Chalabi has opened an investigation into suspected abuses of the program, and the United States has opened a second probe. Now the UN has opened a third inquiry. Chalabi says yesterday's raid was an attempt by the United States and the United Nations to hamper his investigation:

"I have opened up the investigation of the oil-for-food program which has cast doubt about the integrity of the UN here. They don't like this," Chalabi said.

In Baghdad yesterday, Dan Senor, the spokesman for coalition forces in Iraq, said the raid on Chalabi's residence was ordered by Iraqi officials, not the Americans, and that it had nothing to do with the oil-for-food program. And in Washington, State Department spokesman Richard Boucher said only that the raid was not politically motivated, but was related to unspecified criminal matters.

Analysts interviewed by RFE/RL say they believe Chalabi's questionable performance in providing intelligence, and his equally questionable political behavior, may be the real reasons that he is being so unceremoniously dumped by the Bush administration.

James Phillips is a foreign policy analyst at the Heritage Foundation, a private policy research center in Washington. He dismisses U.S. claims that the raid on Chalabi's home was conducted without at least the acquiescence of the American government, if not under orders from the Americans.

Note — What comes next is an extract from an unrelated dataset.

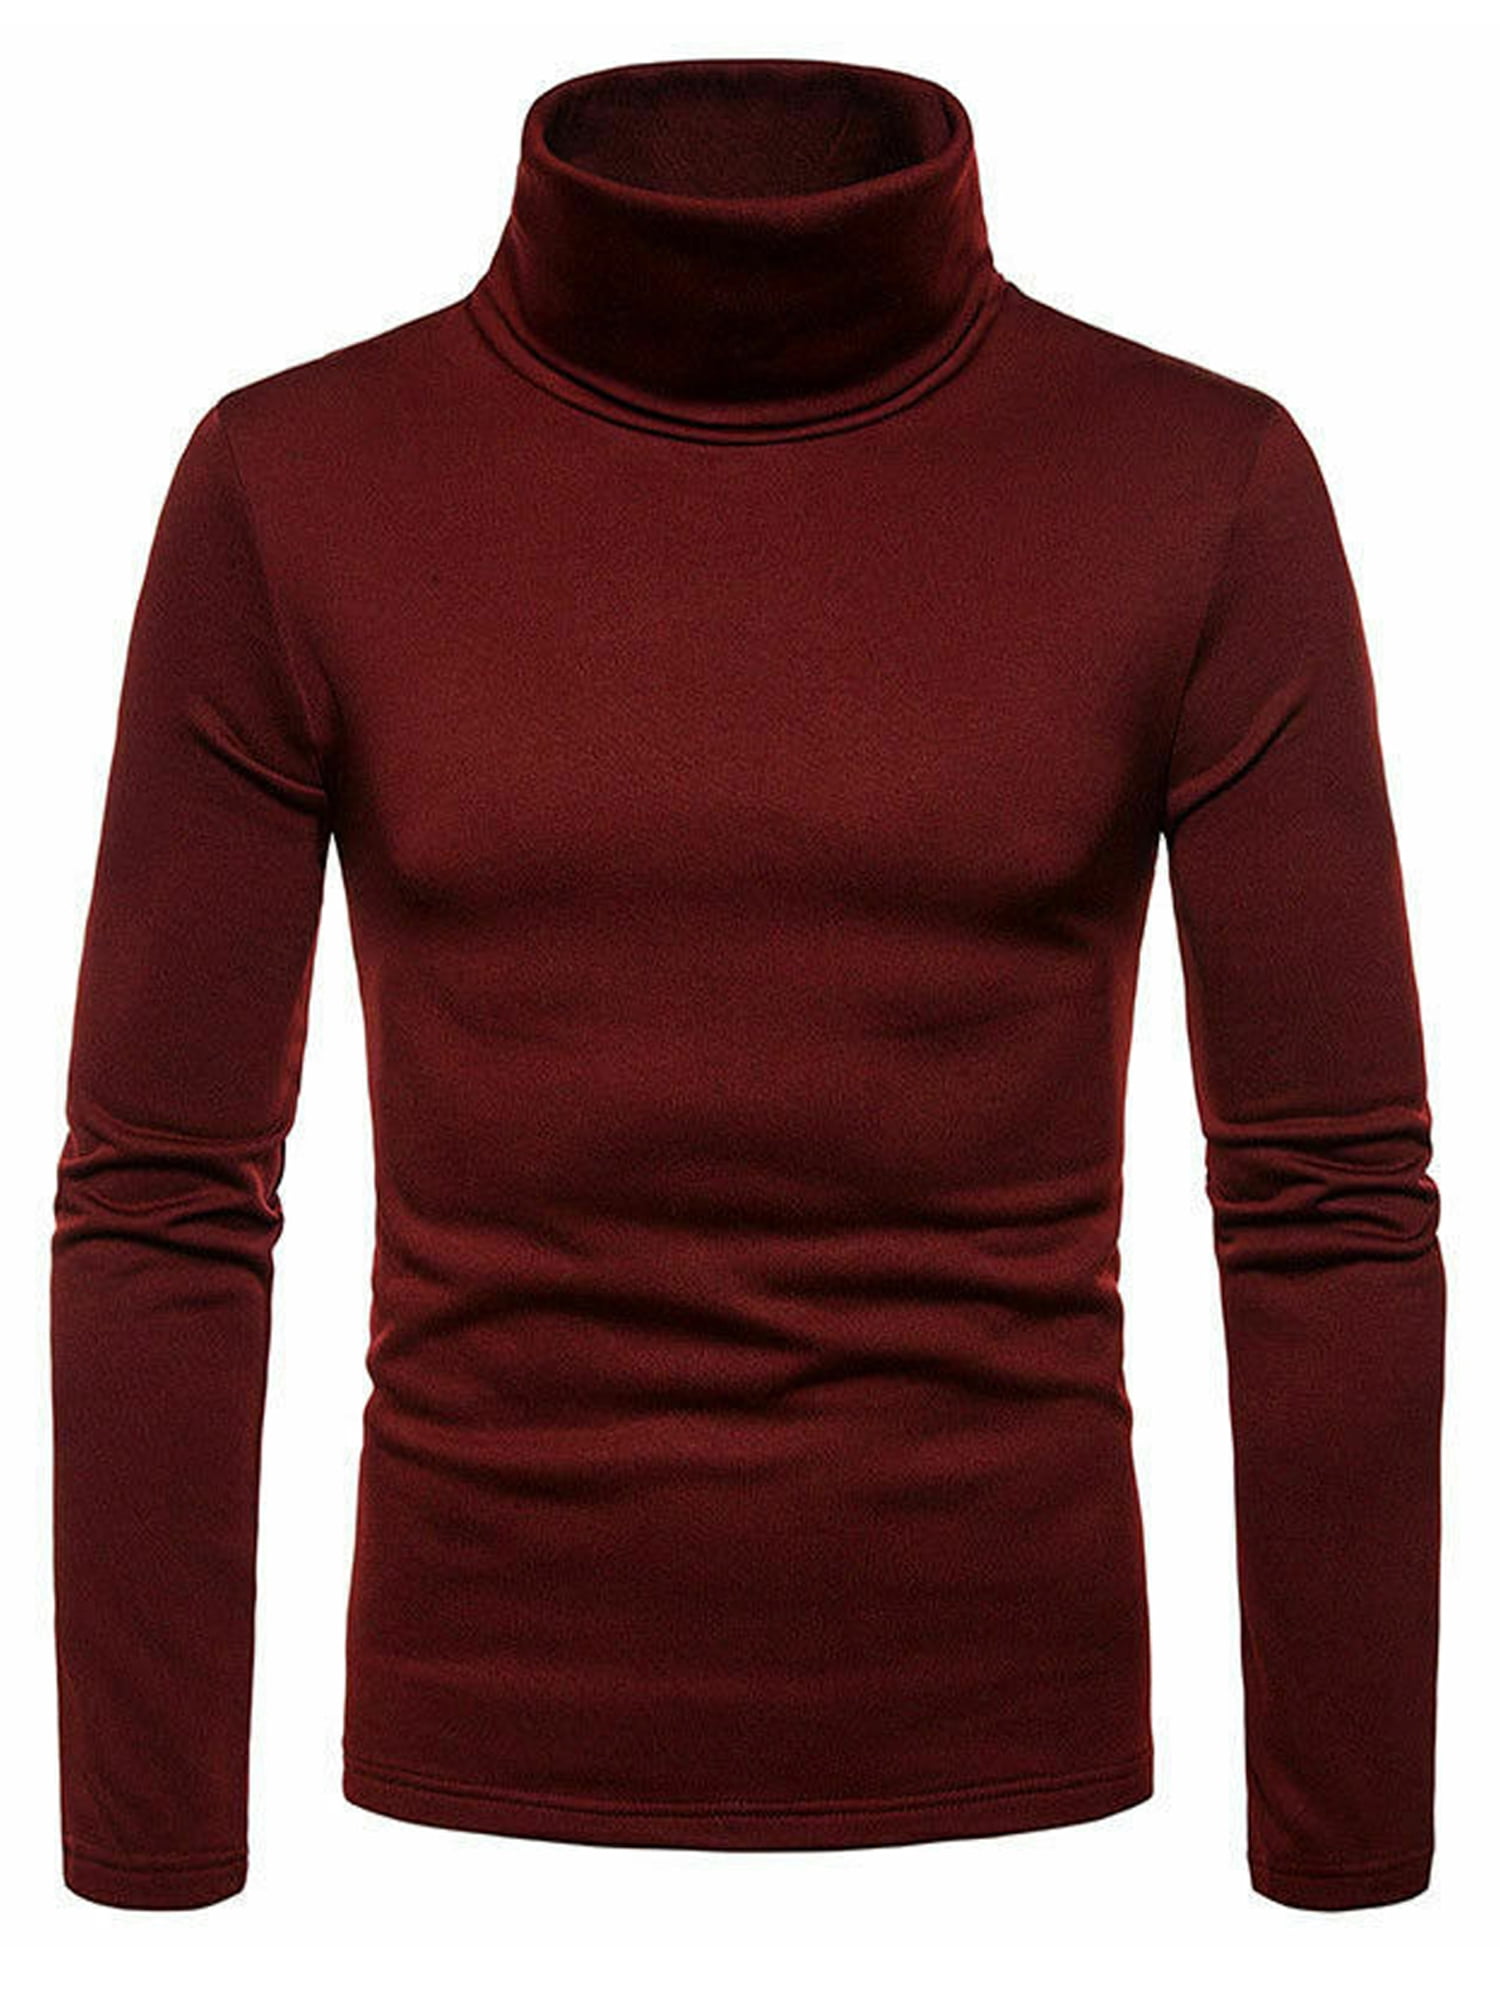 DuAnyozu Men Warm Sweater High Collar Skivvy Turtle Neck Shirt Blouse ...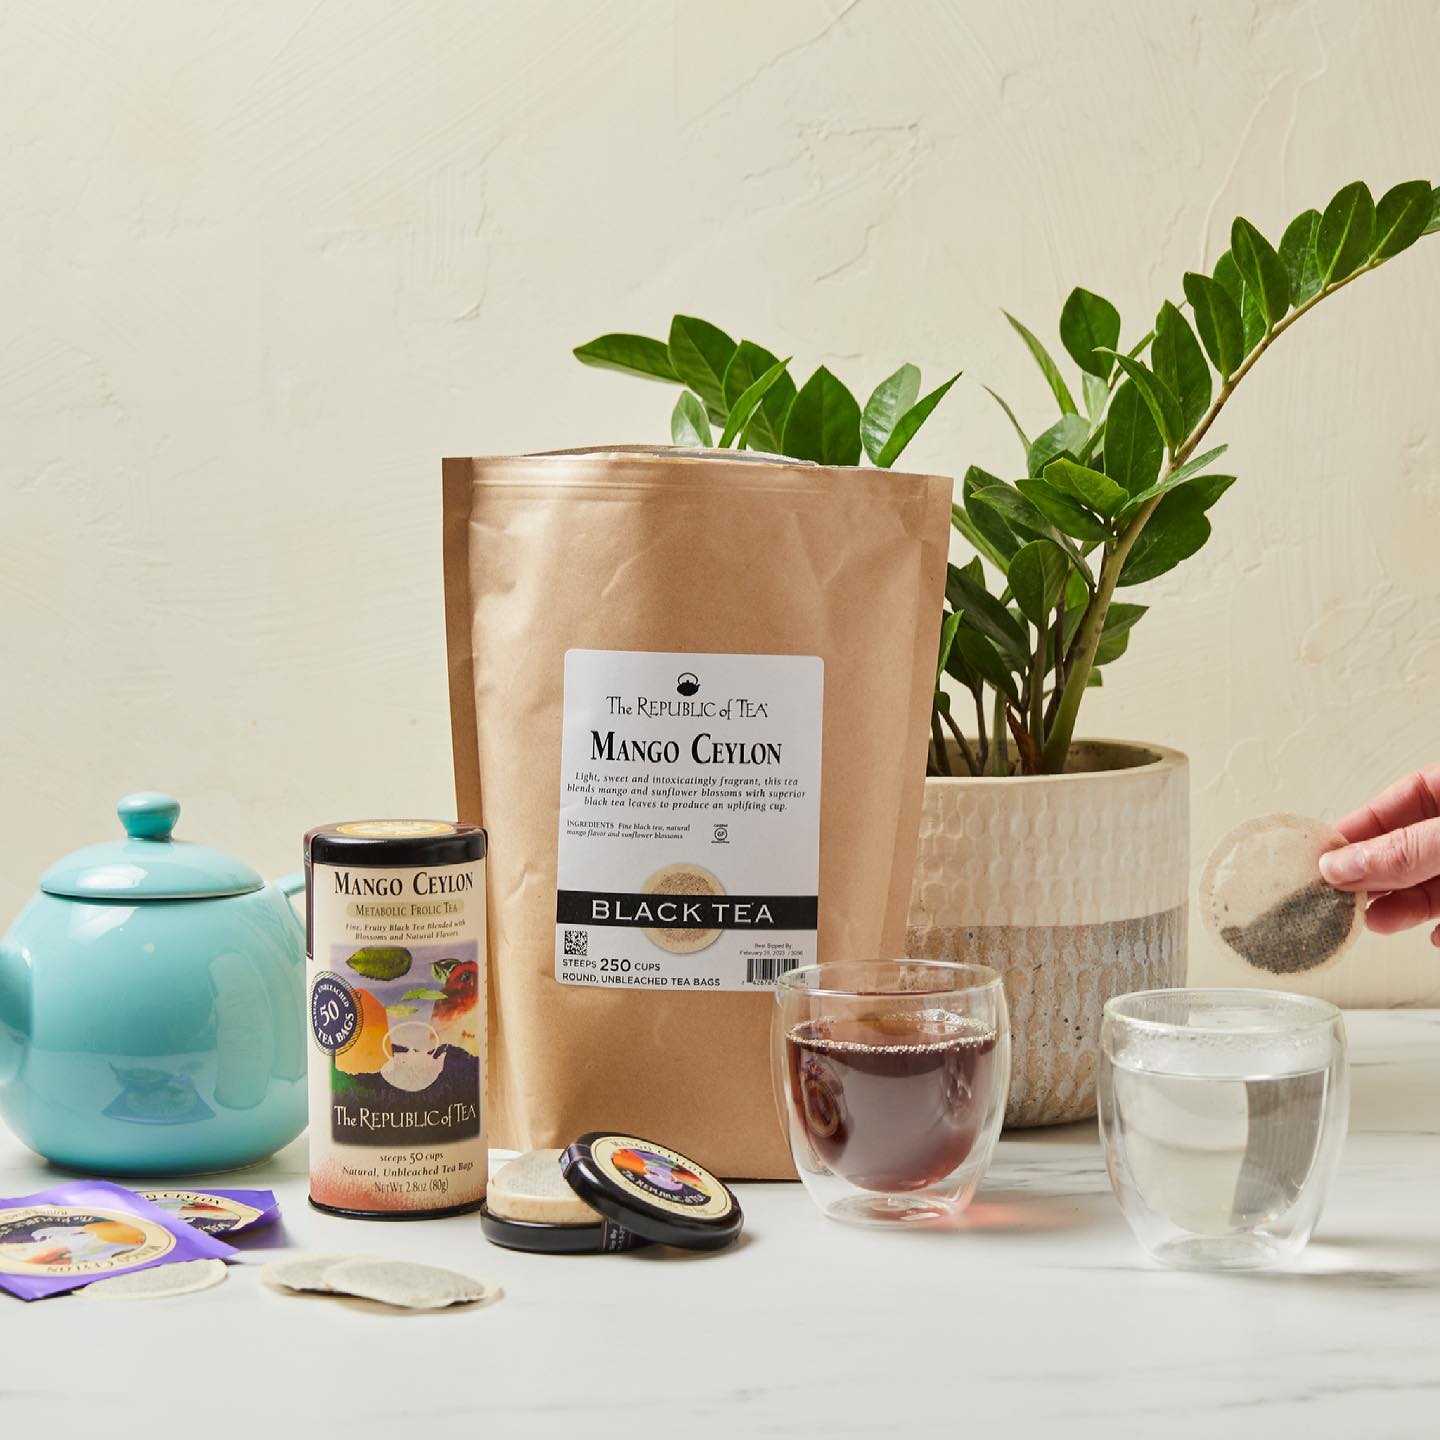 Art of Tea | White Coconut Crme Tea | 50 Eco Friendly Pyramid Tea Bag Sachets

As a result, Phillips tells RFE/RL, the United States is clearly sending Chalabi the message that it no longer wants anything to do with him. The reason, he says, is the embarrassment -- mentioned by Powell -- over poor intelligence provided by Chalabi's INC.

"Members of his [Chalabi's] organization brought Iraqi defectors to the attention of American intelligence organizations, and some are believed to have passed on information about Iraqi weapons of mass destruction, which later turned out to be false or distorted. And that is also one reason he fell out of favor with many groups in Washington," Phillips said.

But Phillips says being dumped by the Americans may not be the worst thing that has happened to Chalabi. To the contrary, it may prove to be the best news of his political career in Iraq.

"In some ways it may actually strengthen him politically, because he was perceived to be a puppet of the U.S. before, and this may actually help him," Phillips said.

Marina Ottaway is a senior associate of the Democracy and Rule of Law Program at the Carnegie Endowment for International Peace, another Washington think tank. Ottaway tells RFE/RL that she believes Chalabi became aware several weeks ago that he was losing favor in Washington and began courting alternate sources of political power in Iraq -- including the country's leading Shi'a cleric, Grand Ayatollah Ali al-Sistani.

And, Ottaway says, there are reports that Chalabi did not restrict his political maneuvers to Iraq.

"Chalabi was determined to come out on top. And he started having doubts a few months ago that the U.S. was going to put him in control. And at that point he started trying to find other cards he could play. He tried to move very close to Sistani at one point, and there were indications that he made several trips to Iran," Ottaway said.

Ottaway says she is not certain Chalabi will benefit politically from the new U.S. hostility. She notes that so far, he has been able to generate little support among the Iraqi people.

As for the United States itself, Ottaway says severing ties with Chalabi is probably a wise move at a time when it is struggling politically and militarily to establish the legitimacy of its presence in Iraq. But she adds that the split also represents a lonely truth for Washington.

"Above all, it seems to me that it makes the United States look more and more [as if it is] without allies inside the country [Iraq]."

(RFE/RL's UN correspondent Robert McMahon contributed to this report.)